Monday, October 31, 2016

My Exit Strategy on Singapore Real Estates: 99 years leasehold & 99 years lease

There are different types of real estate in Singapore, namely, freehold, 999 years leasehold, 99 years leasehold and 99 years lease.

Freehold is clear. You own it forever.

999 years leasehold, as the figure had indicated, it is yours for 999 years, that’s like 10 generations?

All right, let’s talk about the exit strategy on 99 years leasehold private property and the 99 years lease HDB. It is made clear by the government that once your 99 years lease is expired, we have to return our unit to the state and our property value will be ZERO value. We have to be mindful about this. So, what should we do?

Personally, this is what I will teach my children to do.
In the event the property reaches 50 years old, it is time to market to sell off the properties.
Unlike Malaysia, we were informed that we might be paying a small sum to extend the lease once the lease is expired. In my hometown at Sibu, Sarawak, almost all the properties are 60 years lease and we will see how all these leases are extended when time dues. It is near impossible that all houses will be returned back to the state while the 60 years lease is expired. I do not think so.

Anyway, back to Singapore. Singapore history is young too. There are no projects reaching the expiry of 99 years lease just yet but it will come one day for sure.

I like to give the example of Lakepoint condominium (99 years leasehold) at Lakeside. Even though it is a 35 years old condo, but it is still fetching a rocket high price today. The 4 bedrooms units at 12th floor (highest floor) are still transacted at S$1,600,000 level at today market while the price of the units in year 2006 was a mere S$530,000. I was the tenant by then in year 2006.

The interesting question is, what would be the market price when Lakepoint condominium reaches 50 years old, 70 years old, etc. I am pretty sure the price would still hold or increase by the time it reaches 50 years. But I would be concerned when it reaches 70 years old as the property value shall start to drop by then, not to mention, when the 99 years leasehold is up, it will become S$0 value. But , this condo is in good position for en-bloc. It has huge compounds and less units, I am pretty sure the condo will be demolished for a good buck before it really goes all the way to 99 years! That is my bet. Hence, the location plays an important role too.

So, a fact check myself, my HDB is 16 years old and the private property is 5 years old.

I would strategize to sell off my HDB unit 35 years later, by then I would be age 71.

I also will plan to sell off the private property 45 years later, by then, I would be age 81.

Both properties would still have 50 years on lease by then. Both units located at strategic locations at Jurong East and Clementi. I would seriously think there is still an upside of 150% to 200% at least by the time both units reached the 50% of the lease. Why? It is because it would be a mature second CBD area in Singapore and the bullet train station at Jurong East shall be a busy hub too after 40 years!

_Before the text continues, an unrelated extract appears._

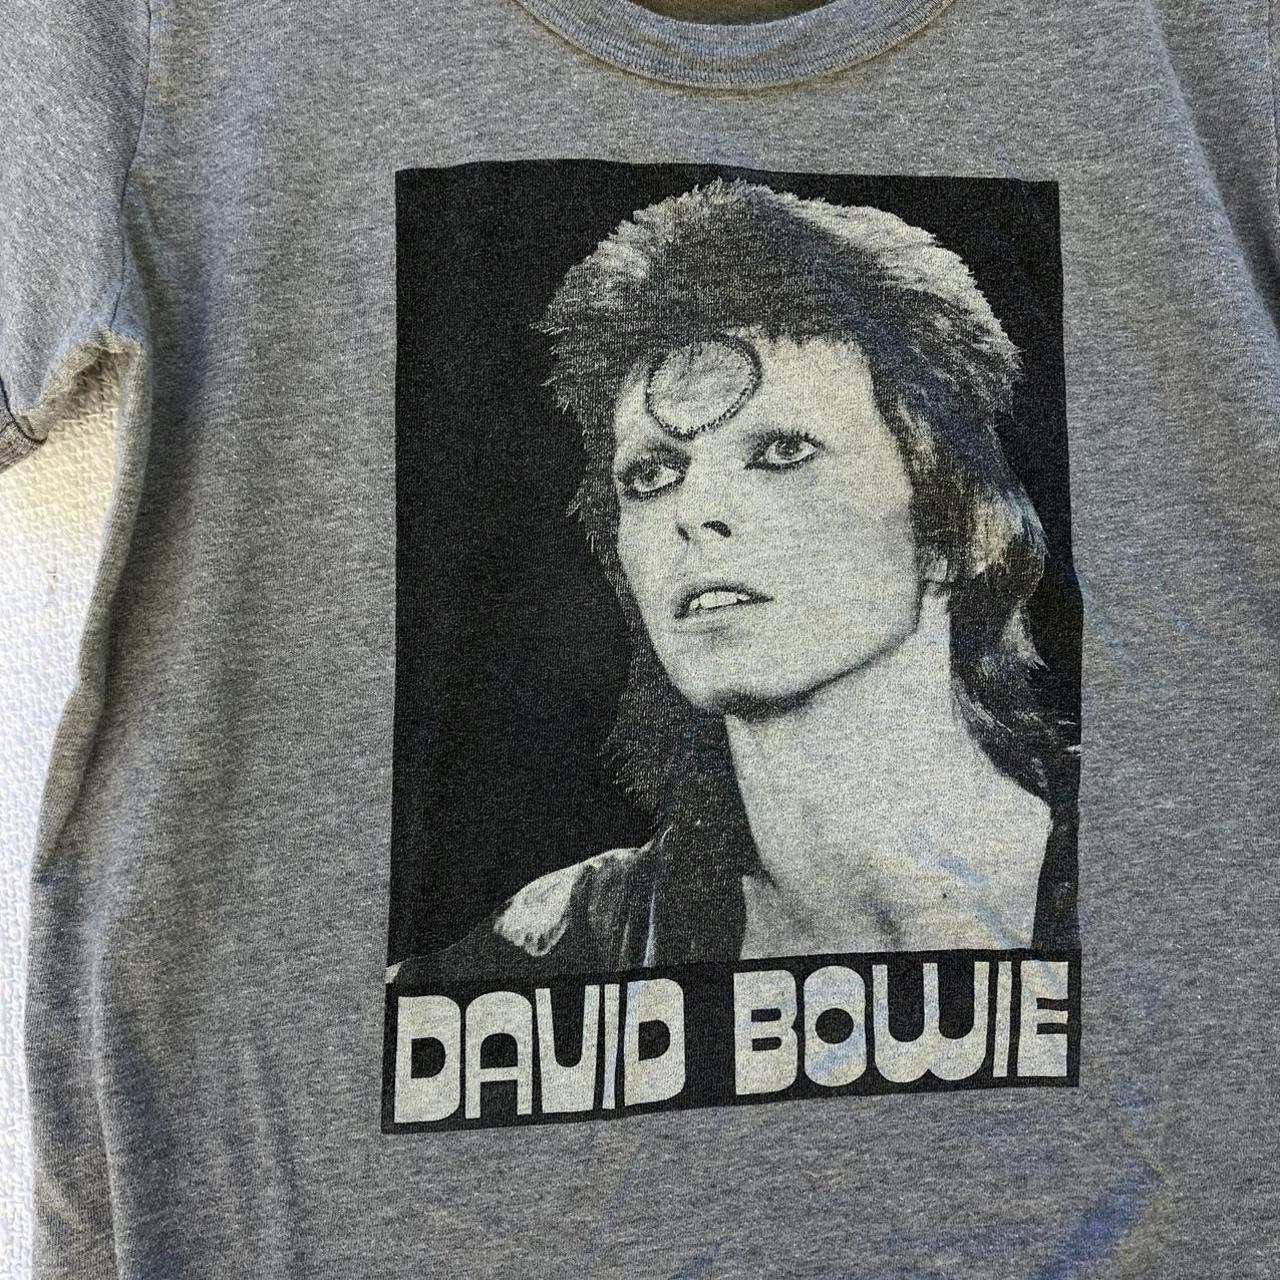 Product Image 3 - Vintage David Bowie T shirt

It’s

That does not mean you definitely MUST buy freehold or 999 years leasehold. Location still counts after all. So, that is my exit strategy on 99 years leasehold and 99 years lease. What is yours?

Below are the information taken from parliamentary debates official report dated on 20 January 2014.

Value of HDB Flats on 99-Year Leases and Flats Undergoing Redevelopment under the SERS Programme

Mr Gerald Giam Yean Song asked the Minister for National Development (a) how many HDB blocks are more than 40 years into their 99-year lease; (b) what will be the value of an HDB flat once it reaches the end of its 99-year lease; (c) what is the average number of flats undergoing redevelopment under the Selective En Bloc Redevelopment Scheme (SERS) each year for the past 10 years; and (d) whether the pace of SERS is fast enough to redevelop all HDB blocks before they reach the end of their lease.
Mr Khaw Boon Wan : The Selective En bloc Redevelopment Scheme (SERS) is part of the Government’s estate renewal strategy for older estates. It allows intensification of land use and revitalises such estates through new developments. At the same time, it offers an opportunity for flat owners to buy a new replacement flat with a fresh 99 year lease.

In the last 10 years, SERS has benefited the owners of about 18,000 flats. As the name suggests, the identification of suitable precincts for SERS is selective. The selection of sites and pace of SERS will depend on factors such as their redevelopment potential, and the availability of replacement sites for rehousing and other resources.

Currently, there are about 300 HDB blocks with 31,000 flats which are more than 40 years into their 99-year flat leases.
Like all leasehold properties, HDB flats will revert to HDB, the landowner, upon expiry of their leases. HDB will in turn surrender the land to the State.